Это очередная публикация на нашем медиаресурсе разбора русской классической литературы с точки зрения святоотеческого учения о прилоге. Доктор филологических наук Александр Николаевич Ужанков рассуждает о духовной основе образа козака Андрия в повести Н.В. Гоголя «Тарас Бульба».
Часть I. Тарас Бульба и его сыновья. Кто славно бьется, а кто мазунчик
…«В следующую же ночь, с свойственною одним бурсакам дерзостью, он пролез через частокол в сад, взлез на дерево, которое раскидывалось ветвями на самую крышу дома; с дерева перелез он на крышу и через трубу камина пробрался прямо в спальню красавицы, которая в это время сидела перед свечою и вынимала из ушей своих дорогие серьги» (С. 42).
Андрий достигает желаемого.
Если человек принял прилог, увлекся ним, то есть, сочетался с прилогом и получил от этого услаждение души, то наступает третий этап развития греха – сосложение или сложение.
3 (продолжение нумерации, начало в 1 части. – Прим.). Преп. Иоанн Лествичник дает следующее ему определение: «сосложение есть склонение души к виденному, соединенное с услаждением» [Добротолюбие 2010, II, 510]. Или в другом переводе (по «Лествице»): «сосложение есть согласие души с представившимся помыслом, соединенное с услаждением» [Лествица 1908, 125]. Сходные рассуждения приведены преп. Филофеем Синайским: «сосложение есть склонение души к зримому оком ума предмету со услаждением» [Добротолюбие 2010, III, 420]. Близки к ним и размышления преп. Нила Сорского: сложение есть «услаждающее склонение души к явившемуся помыслу или образу». Происходит это с человеком тогда, когда он, добровольно принимая помыслы или образы «и с ними мысленно беседуя, чуть-чуть согласится в мысли своей, чтобы было так, как говорит вражий помысел» [Нил Сорский 2011, 94].
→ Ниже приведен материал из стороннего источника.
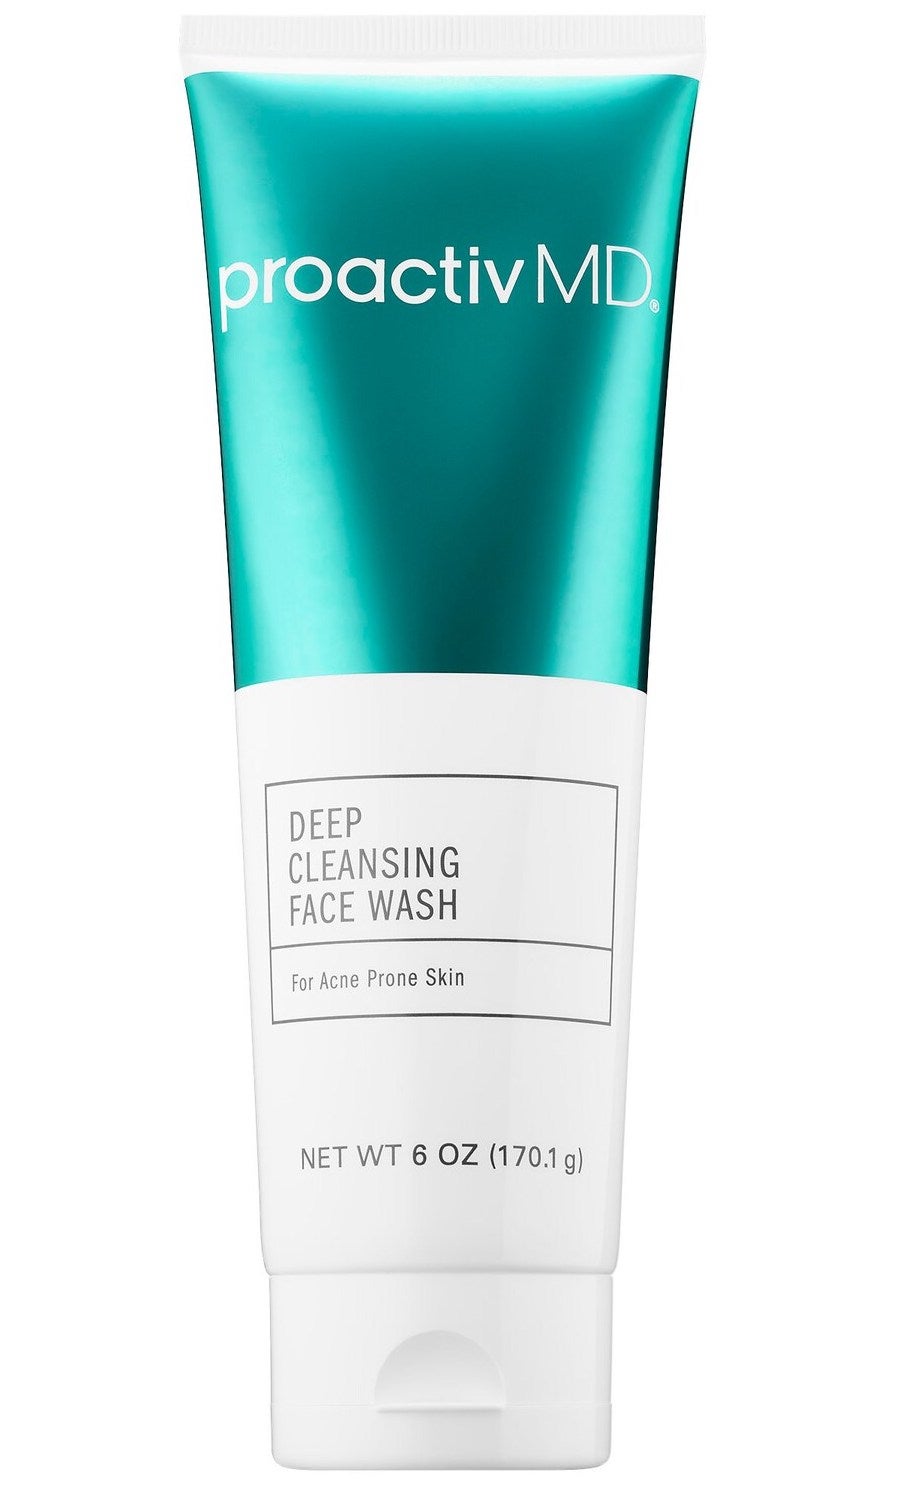 ProactivMD Deep Cleansing Face Wash

Человеческий ум, сочетавшийся с манящим его образом, ищет способ с ним соединиться. Воля человека уже склоняется к осуществлению греховного помысла, и постепенно вызревает намерение совершить грех [Леонов 2013, 232].
Если кто-то «не способен еще отгонять прилоги лукавого, таковой, если чуть-чуть согласится с лукавым помыслом, но тотчас исповедается Господу, каясь и укоряя себя, и призовет Его на помощь, как написано: “Исповедайтесь Господу и призывайте имя Его” (Пс. 104: 1) – то Бог прощает его по Своей милости из-за его немощи. Это сказано отцами о сложении мысленном, когда что-то невольно побеждается помыслом, пребывая в подвиге, причем корень ума его утвержден на том, чтобы не согрешать и не сотворить беззаконие на деле» [Нил Сорский 2011, 95]. Так размышляет преп. Нил Сорский о состоянии человека на стадии сложения его помысла.
Эта стадия (сосложение) – пиковая в развитии греховного помысла, последняя точка возможного еще возврата в прежнее безгреховное состояние. Для этого должно случиться покаяние, метанойя по-гречески, т.е., перемена ума, перемена сознания.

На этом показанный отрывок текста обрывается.